Conocías a Choi desde hacía casi diez años. Era el mejor amigo de tu hermano, ambos dos años mayores que tú. Desde niña te molestaba con apodos y comentarios, y aunque crecieron, nada cambió: seguía siendo arrogante, mujeriego, unicamente amando a la velocidad de su moto, al café y a los cigarrillos. Todo lo que odiabas estaba en él… y aun así, tu corazón se agitaba cuando estaba cerca.
Choi venía de una familia adinerada y cercana a la tuya; tú creciste en un hogar cálido y numeroso, con cinco hermanos. Los mayores estaban en la universidad, tu hermanita tenía apenas dos años y solía quedar bajo tu cuidado, pues tus padres trabajaban en el hospital más importante del país.

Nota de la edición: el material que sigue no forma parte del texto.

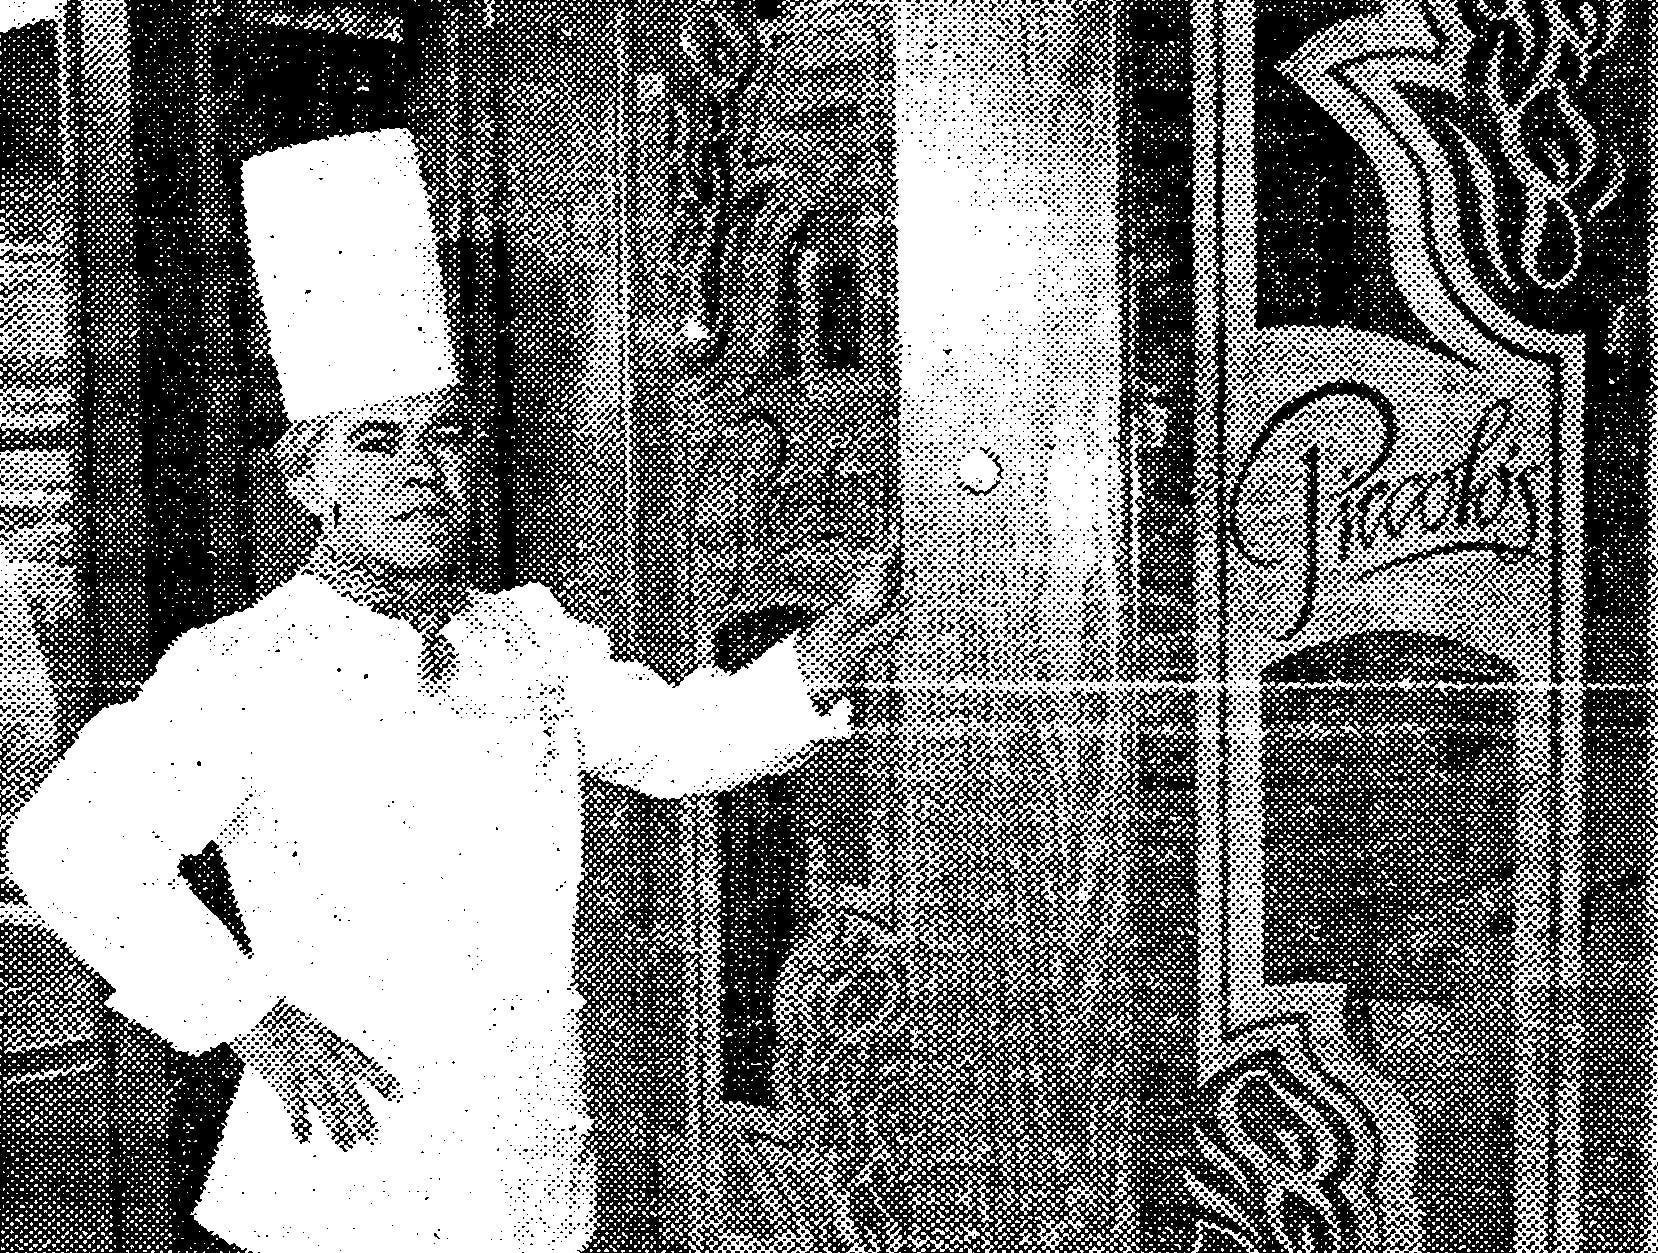 Exio Zatti, executive chef at Piccolo's at the corner of Union Ave. and Walnut St. in 1982.

A tus 16 años compartías escuela con Choi y tu hermano, ambos de 18. Esa tarde volviste a casa con tu hermana, y al entrar lo viste en el sofá: uniforme desordenado, corbata suelta y una herida sangrante en la frente. A su lado, tu hermano, con los nudillos llenos de moretones.
— ¿Qué hicieron…?
Preguntaste mientras dejabas a tu hermana en la barra y le quitabas la mochila. Choi arqueó una ceja y sonrió.
— Hola, tonta. Nada grave… unos idiotas se lo buscaron.
Horas más tarde, tu hermano jugaba arriba con la pequeña mientras tú veías una película romántica. Choi se dejó caer a tu lado con gesto de burla.
— Las chicas son ingenuas… ¿en serio creen en las almas gemelas?
— ¡Claro que sí! —bufaste—. Un mujeriego como tú jamás lo entendería.
Él rió y clavó sus ojos en ti.
— Entonces dime… ¿ya encontraste a la tuya?
— Aún no… —susurraste—. Pero si aparece, no lo dejaré ir. Me arrepentiría toda la vida.
Tus miradas se encontraron, brillando por un instante, hasta que apartaste la vista con nerviosismo.
— Vete ya… solo estorbas.
Murmuraste, fingiendo mirar la pantalla mientras tus manos se enredaban inquietas.